Anche l’inferno del Nord può diventare paradiso e una corsa drammatica e durissima come la Parigi-Roubaix può regalare sogni immensi. L’urlo di gioia di Sonny Colbrelli dopo la volata nel velodromo è la sintesi di tutto: sofferenza, fatica, azzardo e coraggio da vendere. Perché solo così si può domare la Regina delle classiche. Il corridore che da ragazzo faceva il metalmeccanico pur di coltivare la sua passione a due ruote, ora è in cima al mondo.
È stata una stagione magica per lui, cadenzata dal successo al campionato italiano e a quello europeo. A 31 anni Sonny, si chiama così perché a sua madre piaceva il personaggio detective della serie Miami Vice – vive la sua giornata più bella, oltretutto al debutto alla Roubaix.
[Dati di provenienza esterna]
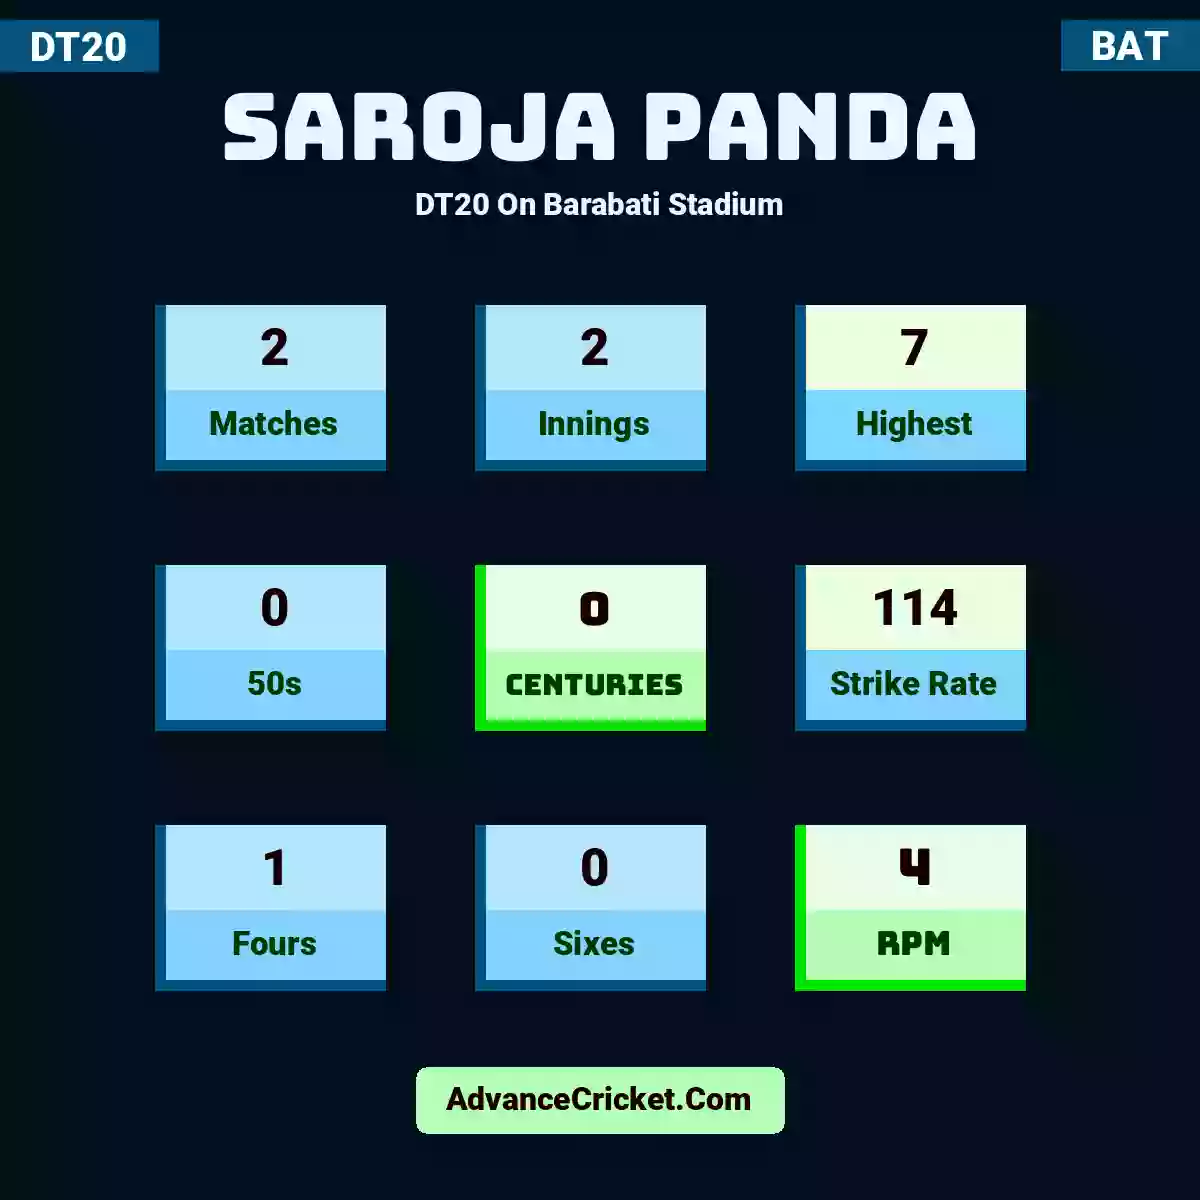 Saroja Panda DT20  On Barabati Stadium, Saroja Panda played 2 matches, scored 7 runs as highest, 0 half-centuries, and 0 centuries, with a strike rate of 114. S.Panda hit 1 fours and 0 sixes, with an RPM of 4.

Era dal 1999 (con Andrea Tafi) che l’Italia non vinceva su quelle strade, ci è riuscito Colbrelli nell’edixzione più terribile degli ultimi 20 anni, con pioggia, fango, vento, cadute a ripetizione e sogni infranti. Come quello di Moscon, prima appiedato da una foratura e poi vittima di una caduta che ha fatto sfumare tutto.
Ma se un azzurro cade, un altro firma un capolavoro: batte Vermeerchs e Vander Peol e sfreccia verso la corsa dei suoi sogni. Alla partenza aveva detto ai compagni: "Ragazzi, ci vediamo sul bus, perché tanto oggi duro poco…".